SUPPLIED INFORMATION —
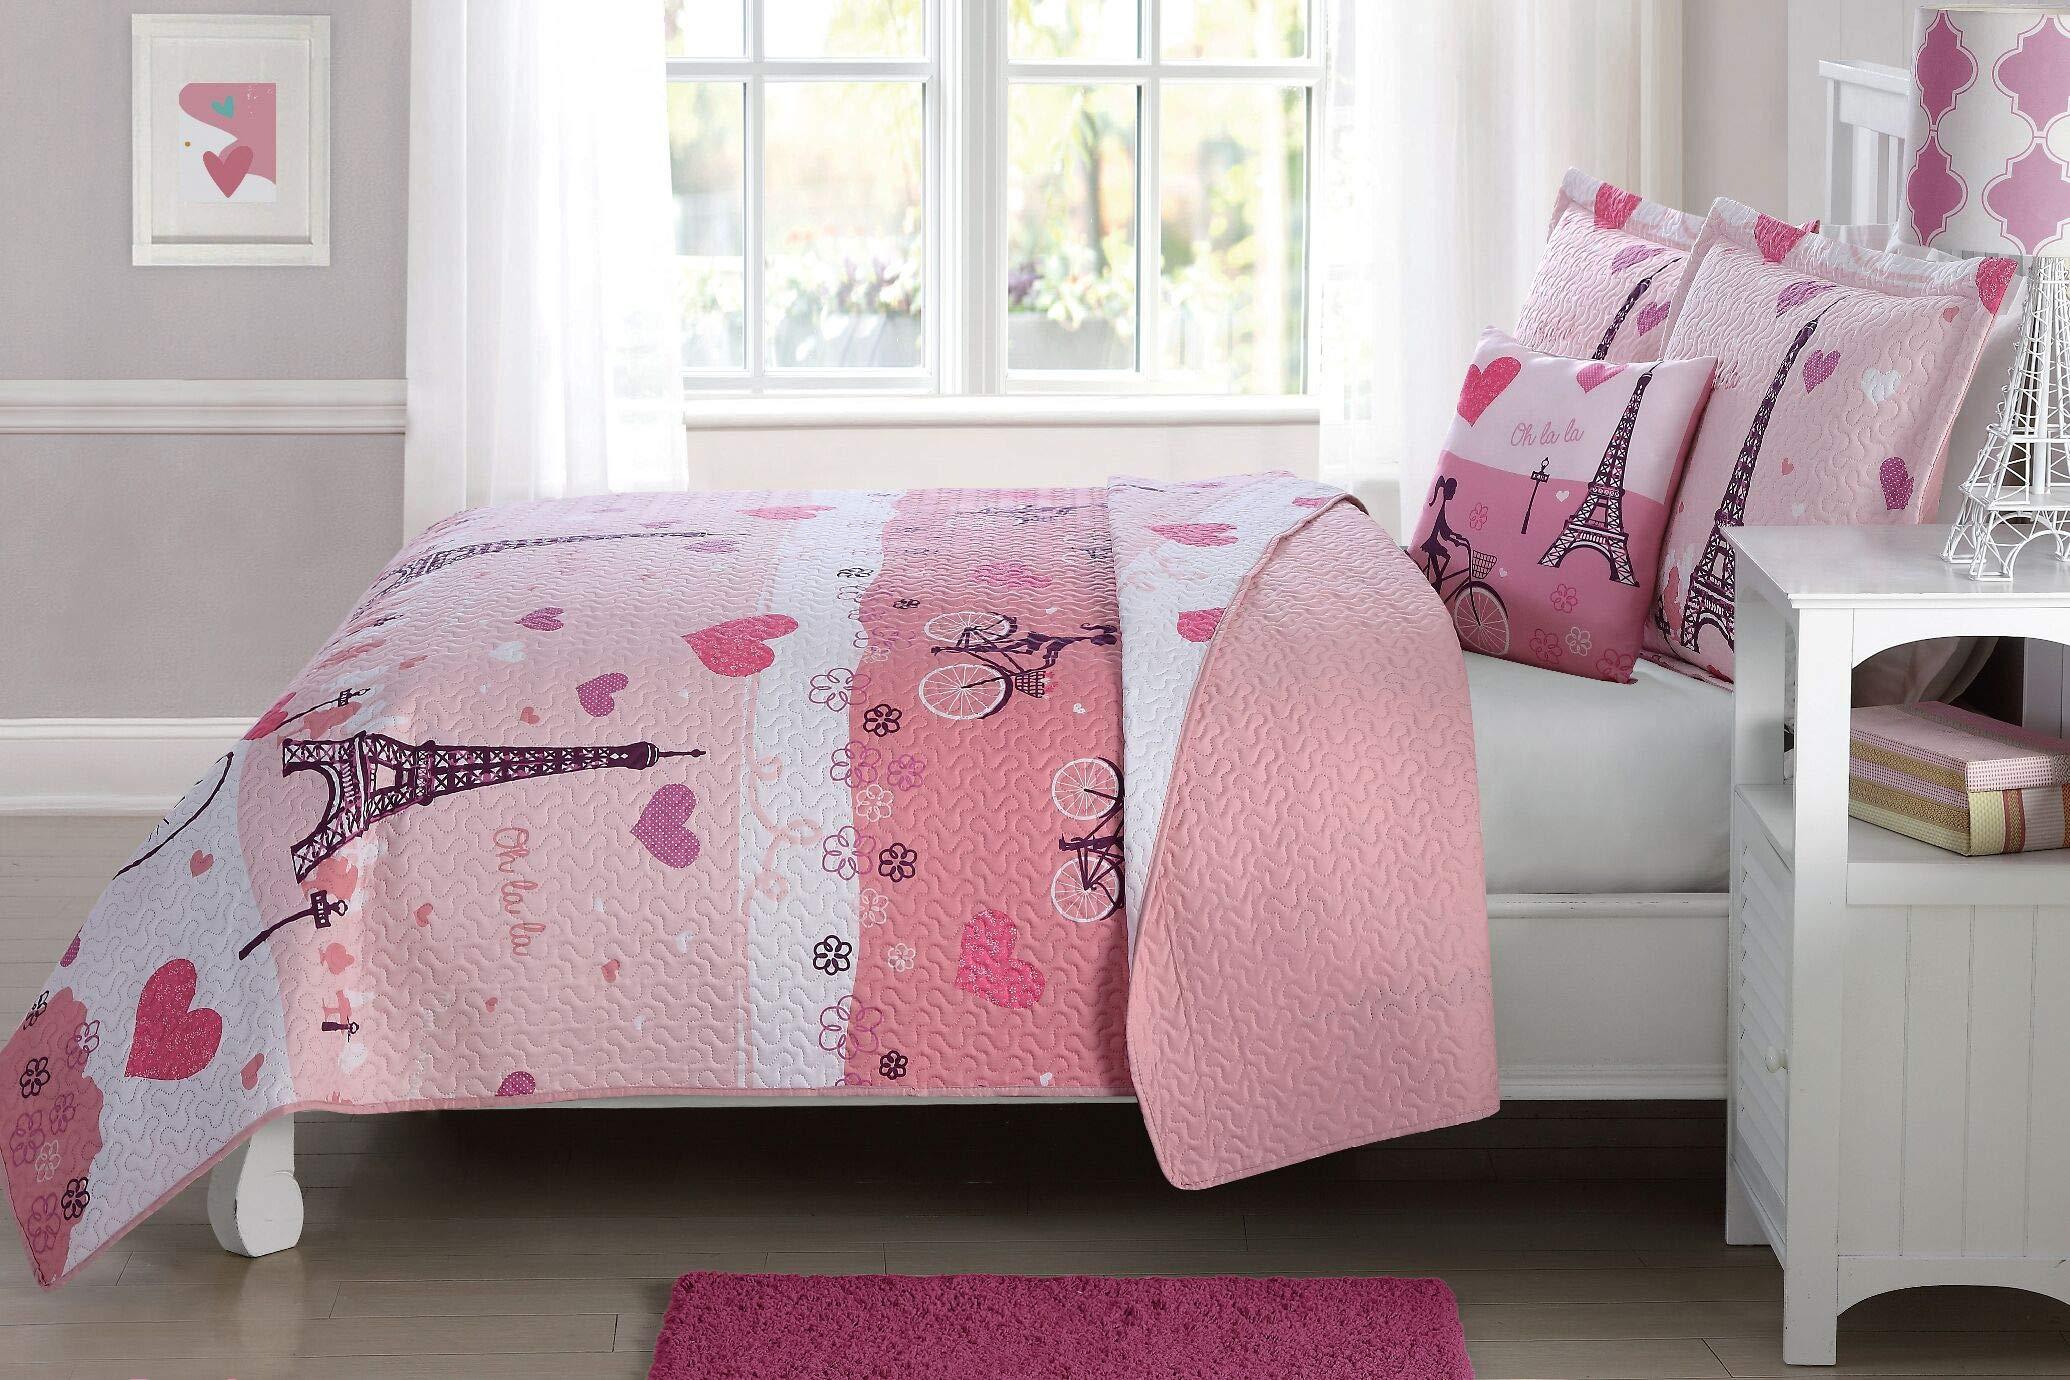 Sapphire Home 4pc Kids Teens Girls Full Bedspread Quilt Set, Pink Purple France Paris Eiffel Tower Hearts Print Design Coverlet for Girls Teens, Full Paris Quilt by Sapphire Home
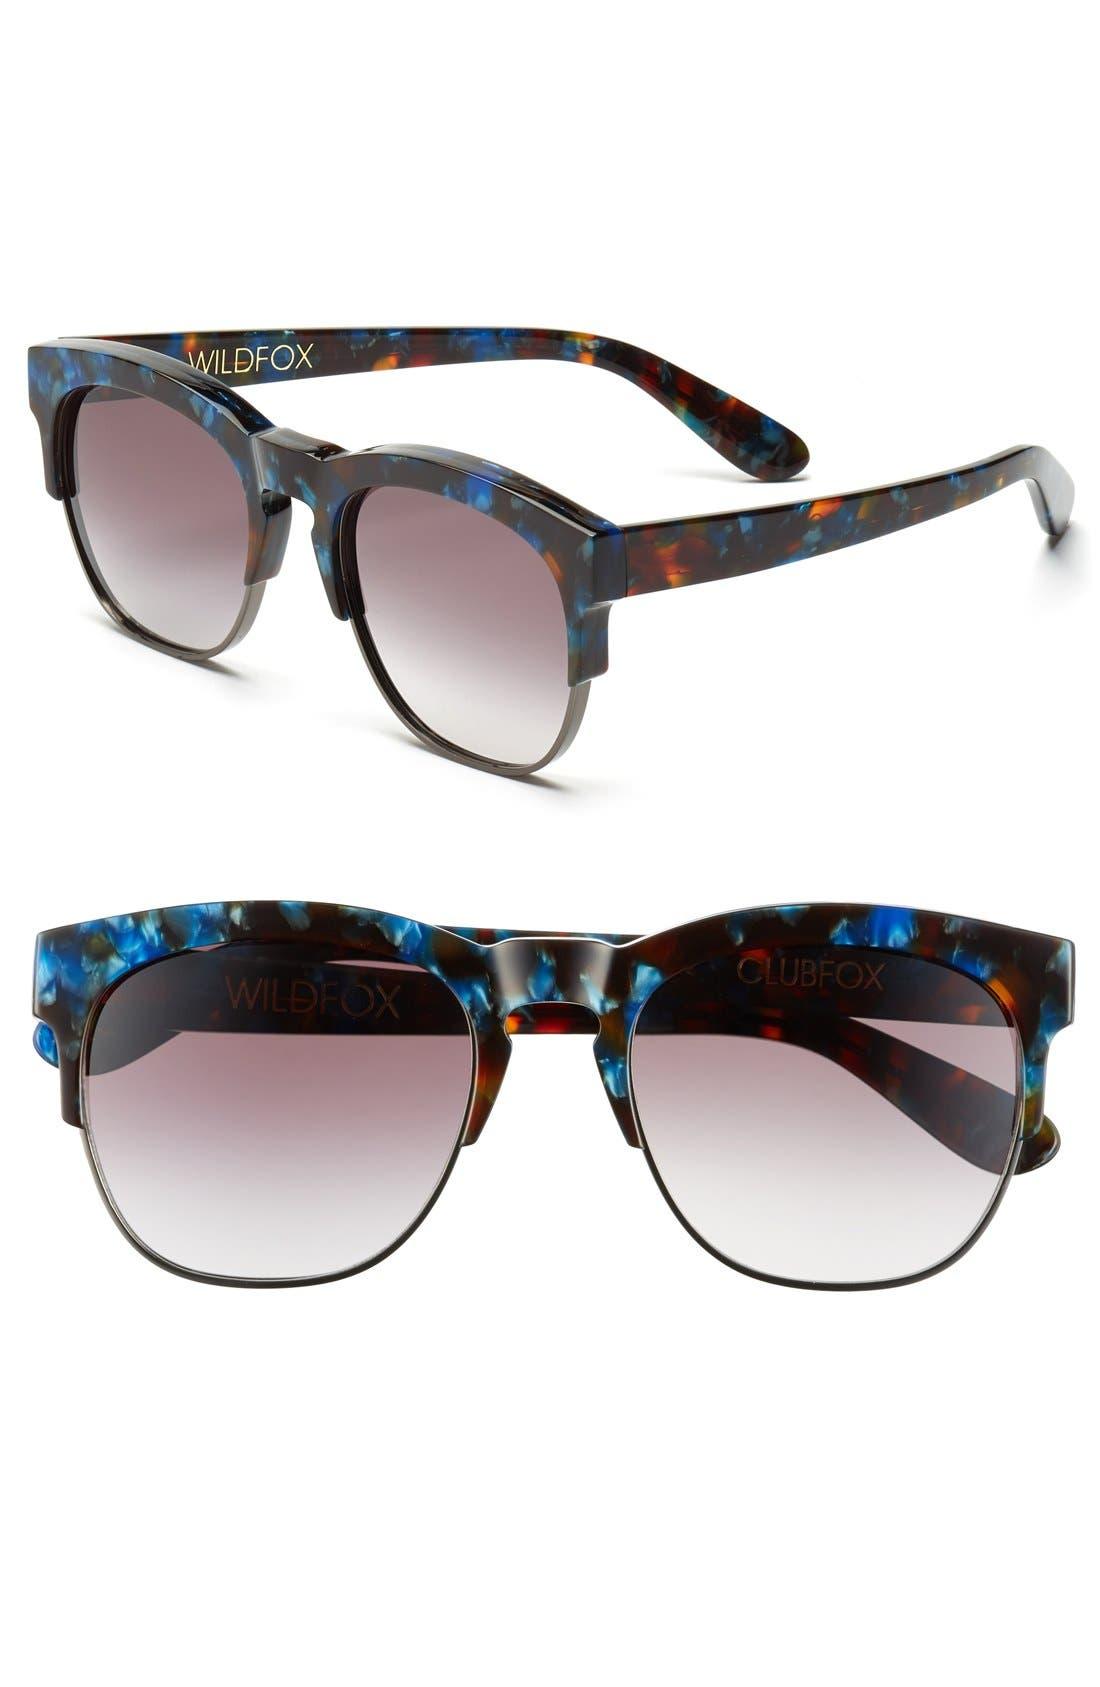 Main Image - Wildfox 'Club Fox' 52mm Sunglasses
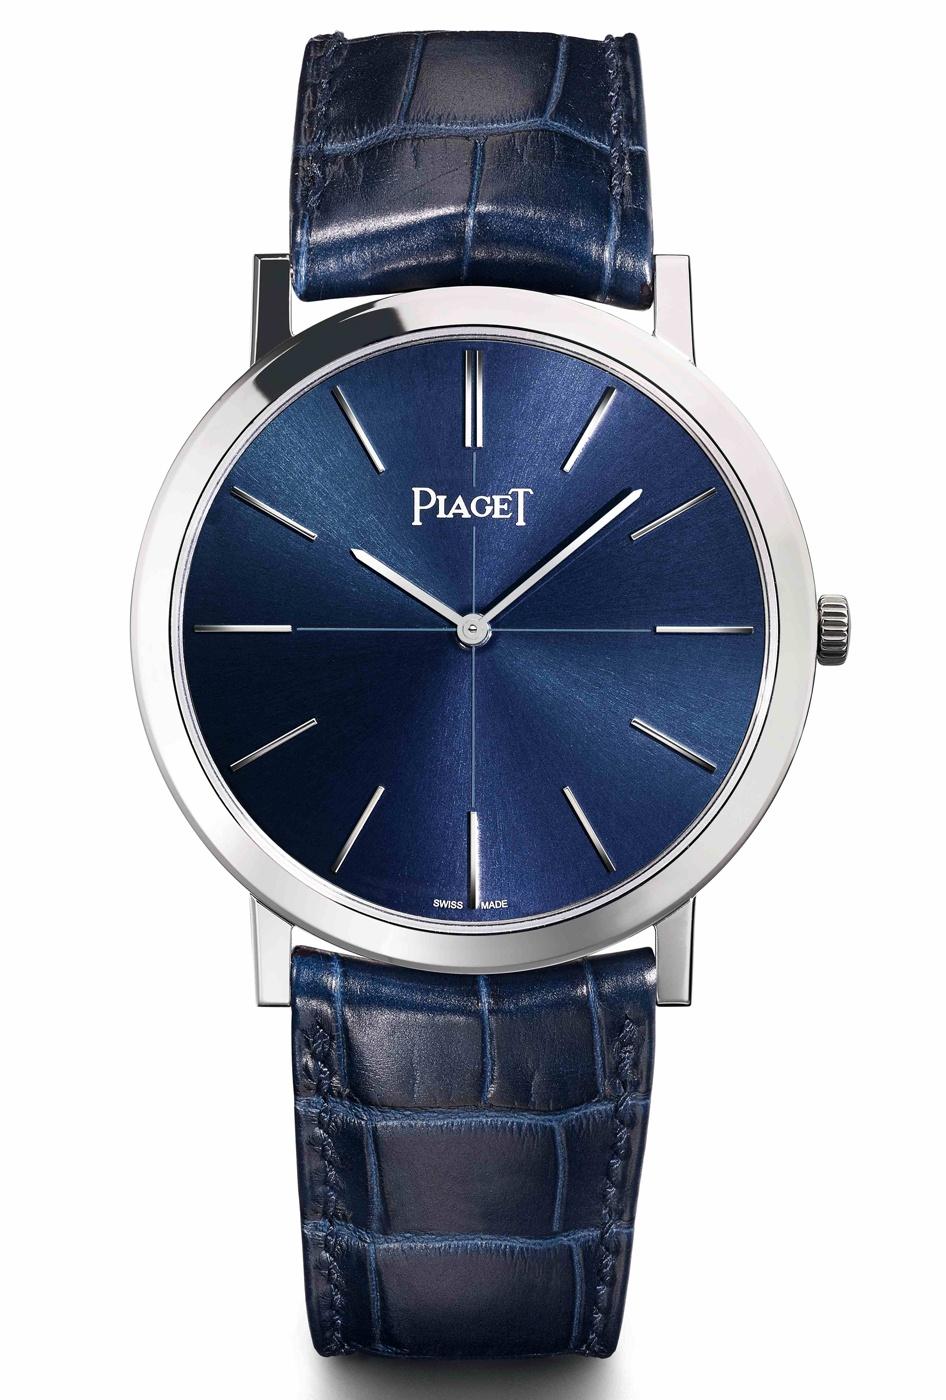 Piaget Altiplano系列 传世腕表典范 欢庆诞生60周年

WHAT TO WORK ON — Begin with the line holding "Main Image - Wildfox" and end with the last line of the listing. Reproduce each of those lines exactly, and leave every picture out.

TASK RESULT —
 Main Image - Wildfox 'Club Fox' 52mm Sunglasses
 Piaget Altiplano系列 传世腕表典范 欢庆诞生60周年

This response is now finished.